Q: What elements of the previous administration’s trade promotion policy will be kept in place and what will be changed to make Mexico a more attractive investment destination?

A: The promotion strategy will change. In previous years, there was only a vague definition of the strategic areas and products that should be a priority in investment and trade promotion, which led to the poor use of resources and results. Now the parameters will be very clear. We will use data mining to accurately determine Mexico’s strategic products and sectors and to identify interventions to promote growth. We will analyze each region to evaluate their capability to produce added value products, which will in turn generate better jobs with better salaries for our population. Our strategy will also take into account an analysis of the global supply chains in which Mexico participates.

The Ministry of Economy follows three pillars: inclusion, diversification and innovation. Inclusion refers not just to companies that can enter global supply chains but also companies that can support the economic development of the communities where they are located. Our inclusion strategy also targets exports from more regions in Mexico, as most exports originate in just 11 or 12 metropolitan areas.

In terms of diversification, our goal is to grow the number of companies that export their products. At this point, 90 percent of all exports are done by big companies and we want SMEs to increase their participation. Moreover, five or six products represent 40 percent of Mexico’s exports, which are mainly destined for the US. We need a diversified export chain in terms of products and destinations as this will allow us to minimize risk. Regarding innovation, our goal is to be more competitive in areas with higher added value, which will also permit the generation of better work conditions in Mexico. The federal government is greatly interested in working with foreign companies to develop Mexico’s economy and capabilities.

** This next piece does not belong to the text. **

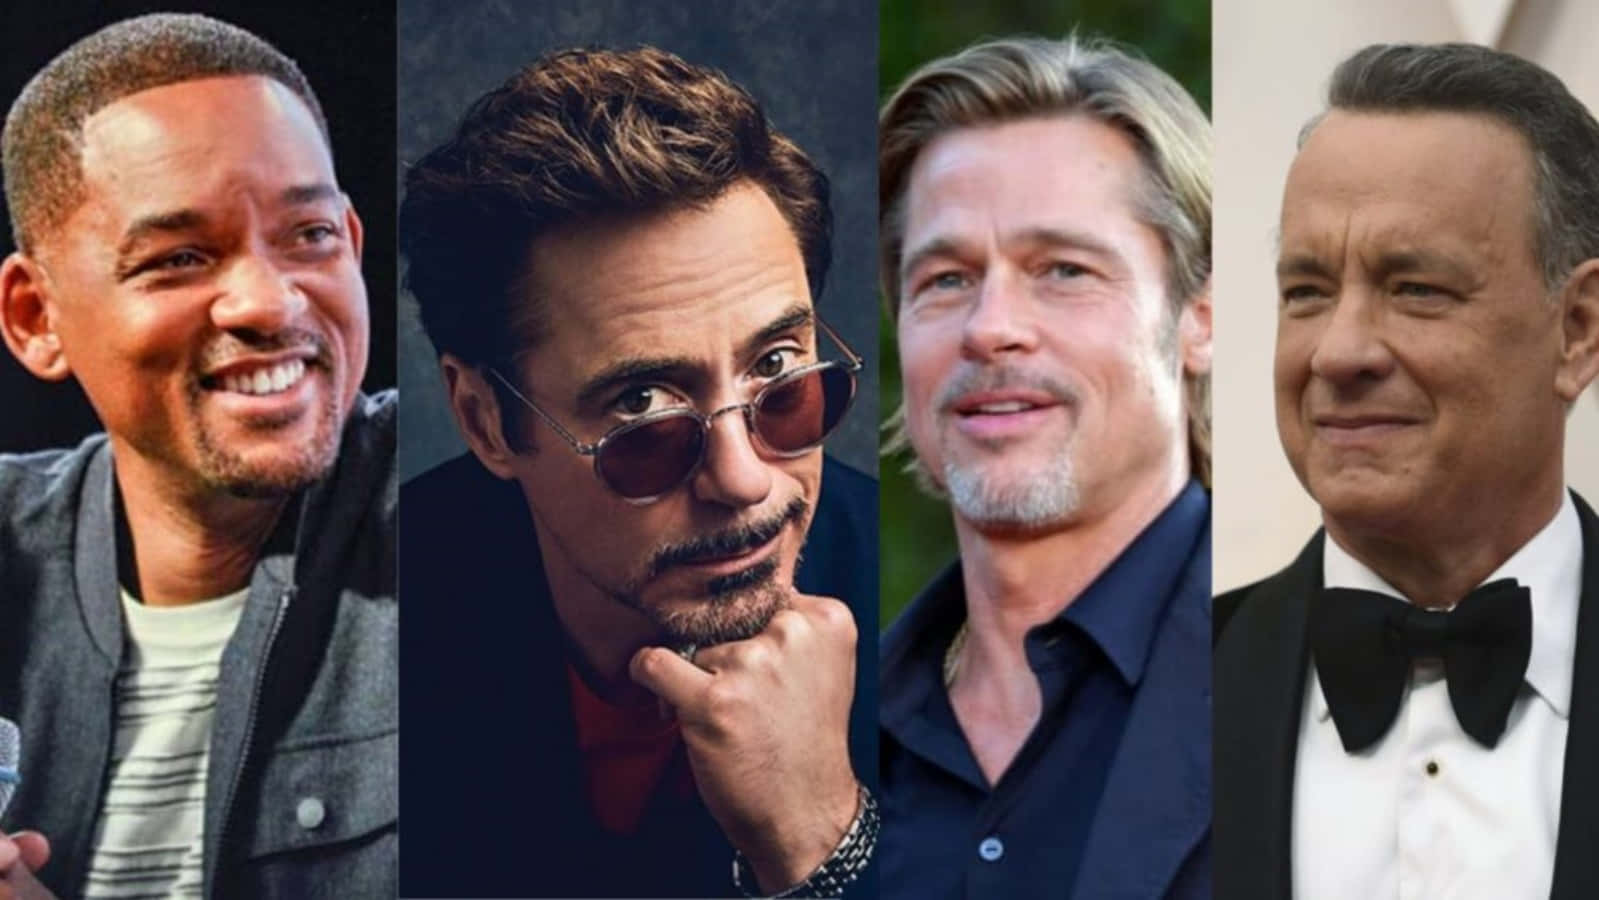 Lasestrellas De Hollywood Emily Blunt, Ryan Gosling Y Chris Pine Son Apreciados Por Sus Icónicos Roles.

Q: What are the main elements that manufacturing companies must take into account when investing in Mexico?

A: The first is to focus on human capital and consider whether the employees they need are available in the region in which they want to establish. The second is quality of life. When opening a branch in a different country, companies should look after the quality of life of the employees they bring with them. The third is the overall business environment. Some states in Mexico have advanced significantly in terms of transparency, certainty, rule of law, speed in opening a business and safety.

Q: What types of investment are necessary to improve local automotive supply chains in Mexico?

A: The automotive sector is going through a transformational process and technological changes will determine the success of automotive companies in the next few decades. Value chains in the automotive sector must adapt to these technological changes in the short term to be successful at a global level.

We are now developing a route map to understand how automotive companies can enter the value chain for electric mobility. The plan will include everything from the improvement of lithium production to attraction of battery manufacturers and how to support local governments interested in implementing electric public transport. We must also identify international financing sources and companies that might be interested in bringing production of electric-vehicle components to Mexico. This is a priority as the automotive industry is a strategic sector for the Mexican economy.